> DESCRIPTION OF THE TASK:
For this exercise, retype the lines from the one that holds "Продажа 3-к квартиры" through the one that holds "Alkoholisches Handdesinfektionsmittel - Lerasept" in the records below, both included, exactly and without pictures.

> PROVIDED DATA:

===============

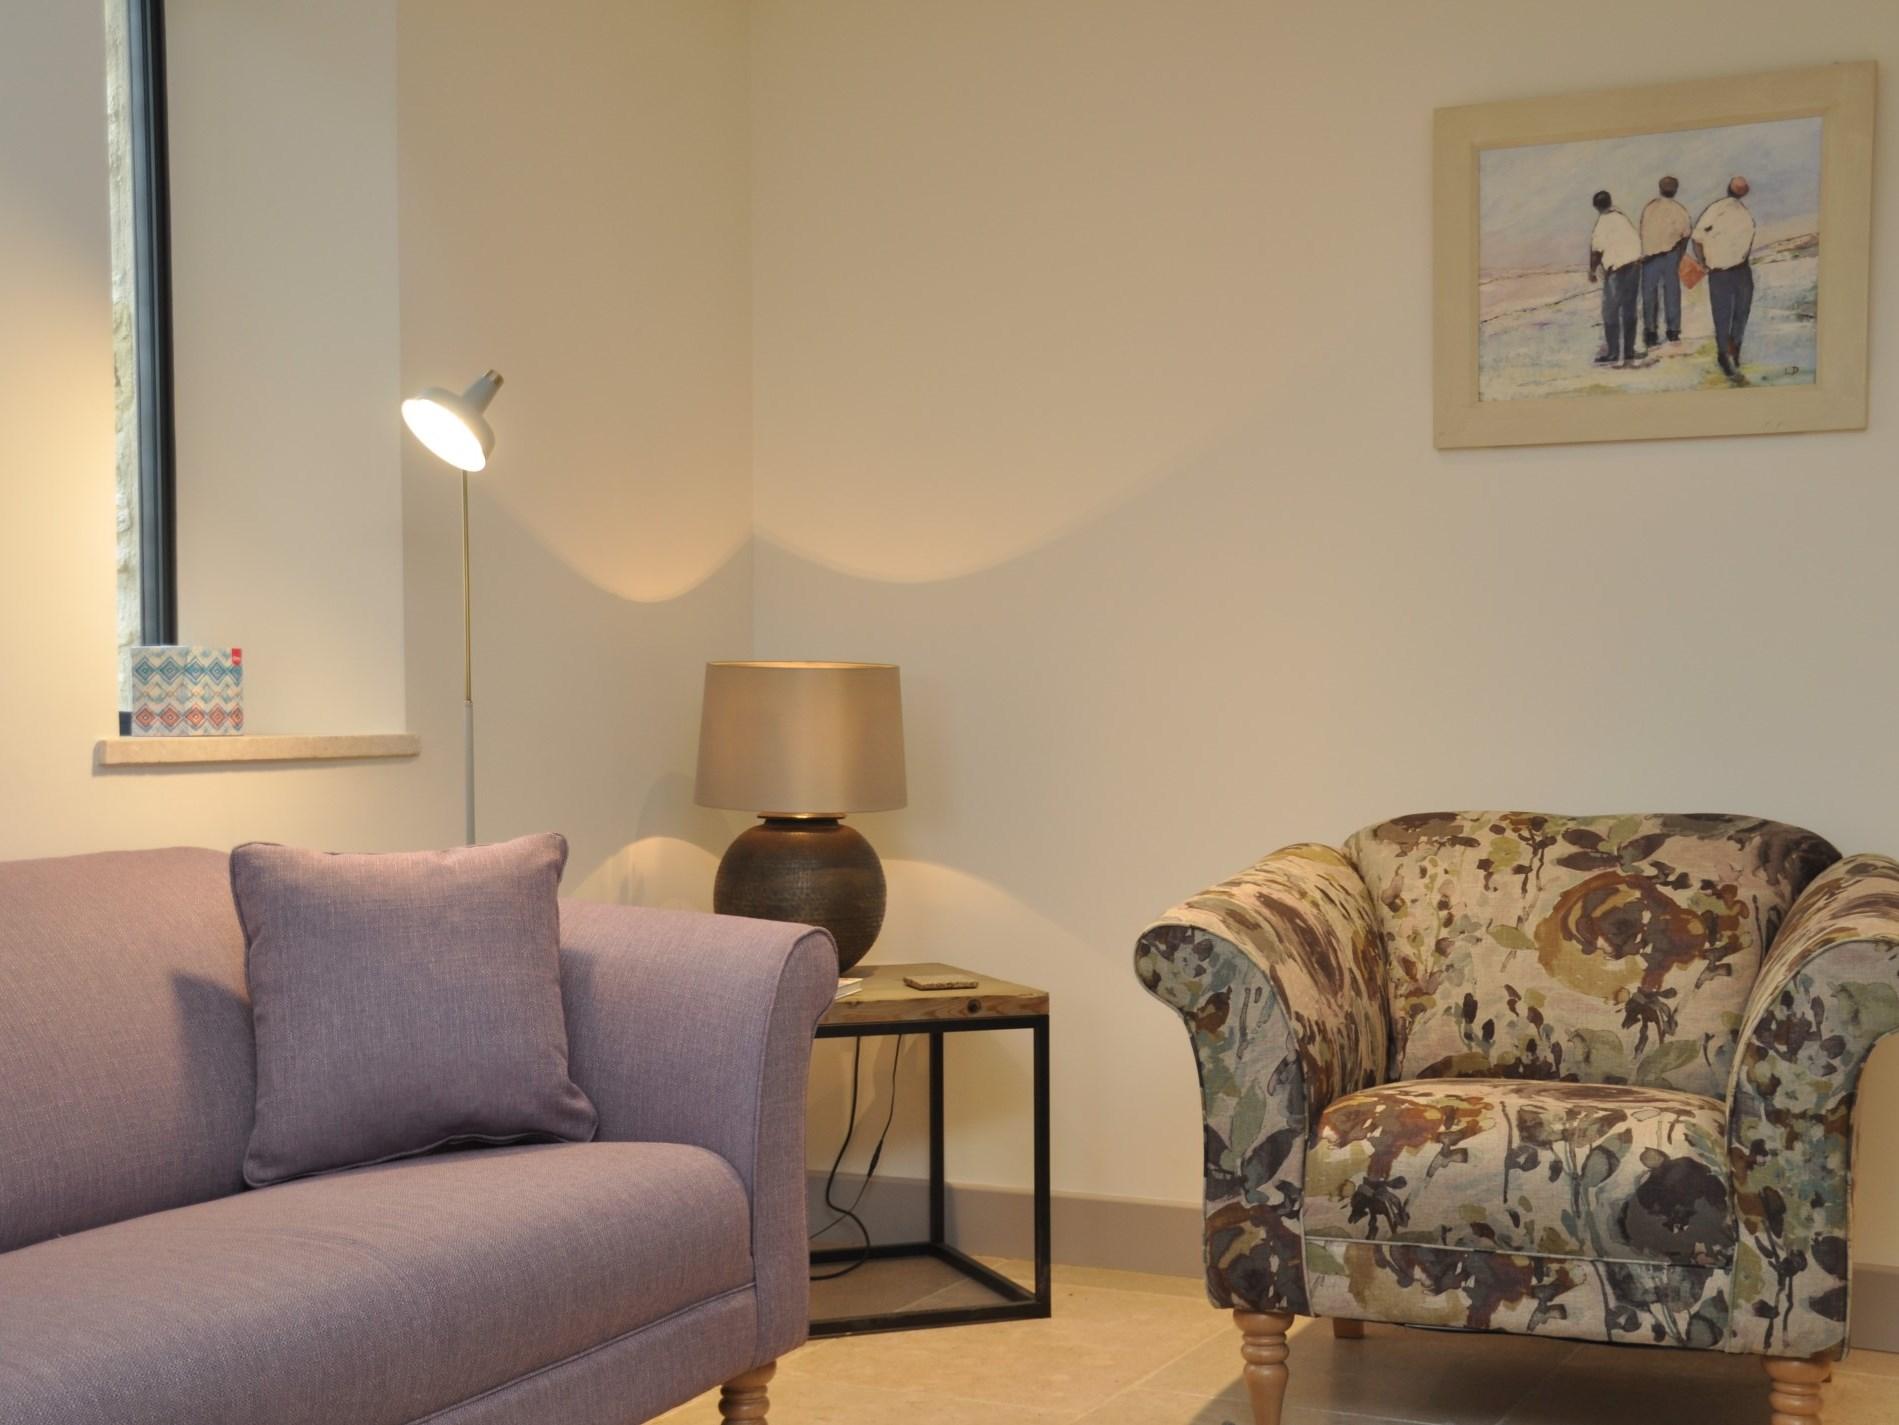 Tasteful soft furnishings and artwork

===============

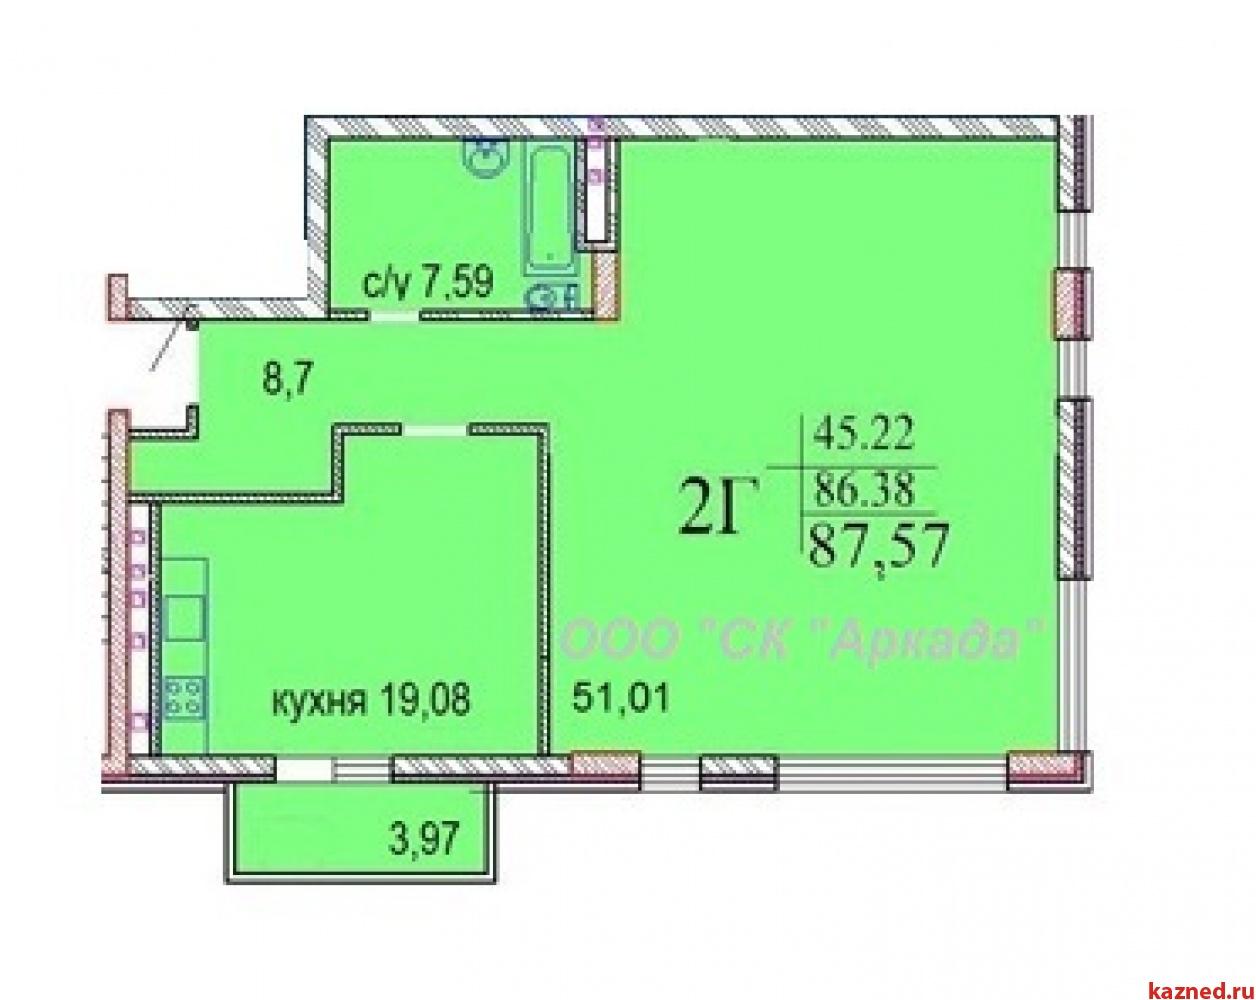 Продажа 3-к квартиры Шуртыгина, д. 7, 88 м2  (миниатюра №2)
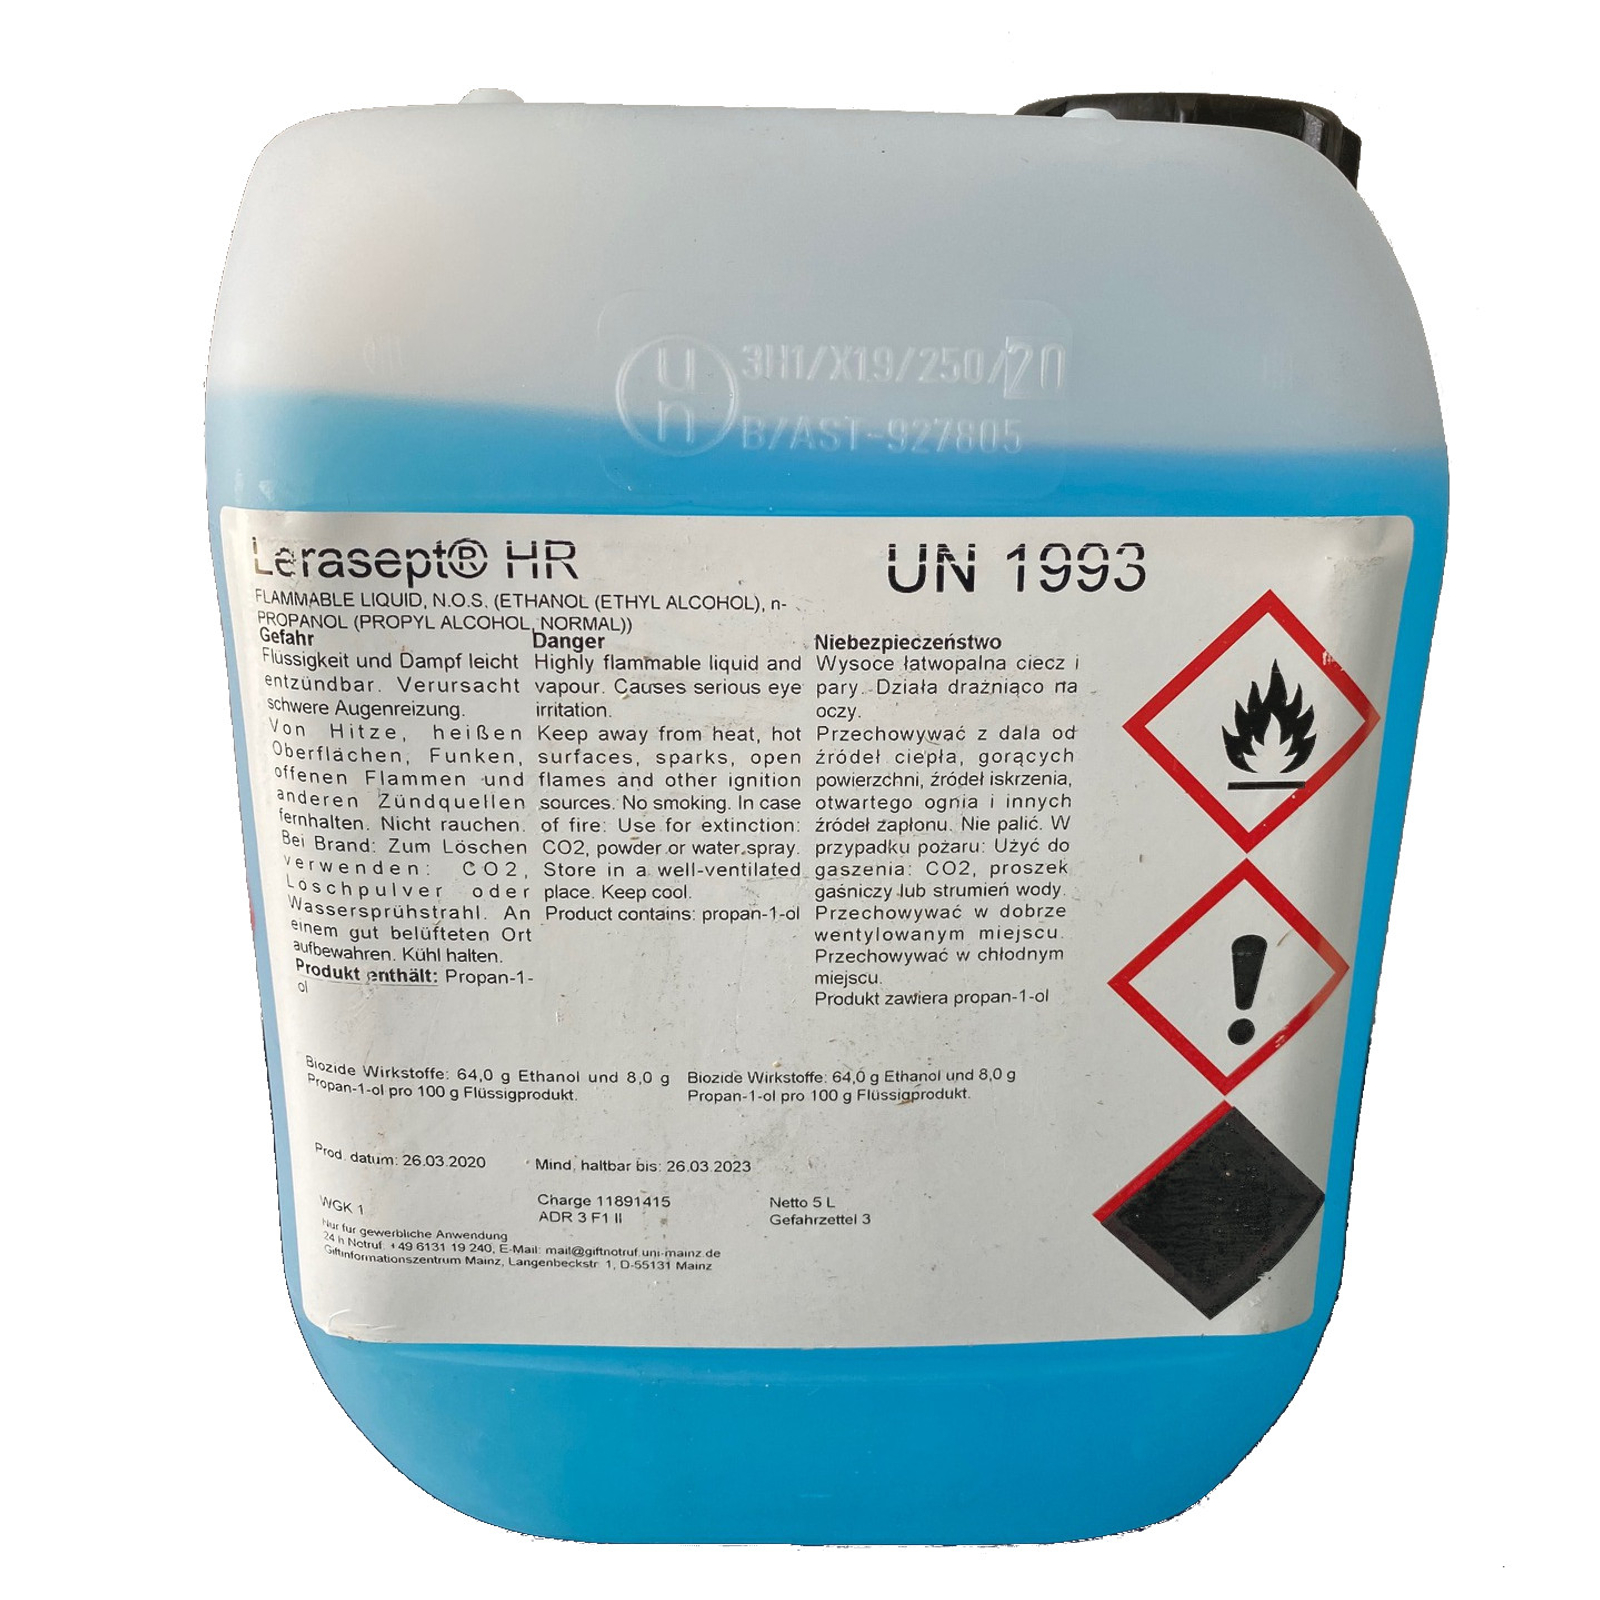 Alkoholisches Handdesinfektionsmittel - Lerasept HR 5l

===============

> SOLVED EXERCISE:
 Продажа 3-к квартиры Шуртыгина, д. 7, 88 м2  (миниатюра №2)
 Alkoholisches Handdesinfektionsmittel - Lerasept HR 5l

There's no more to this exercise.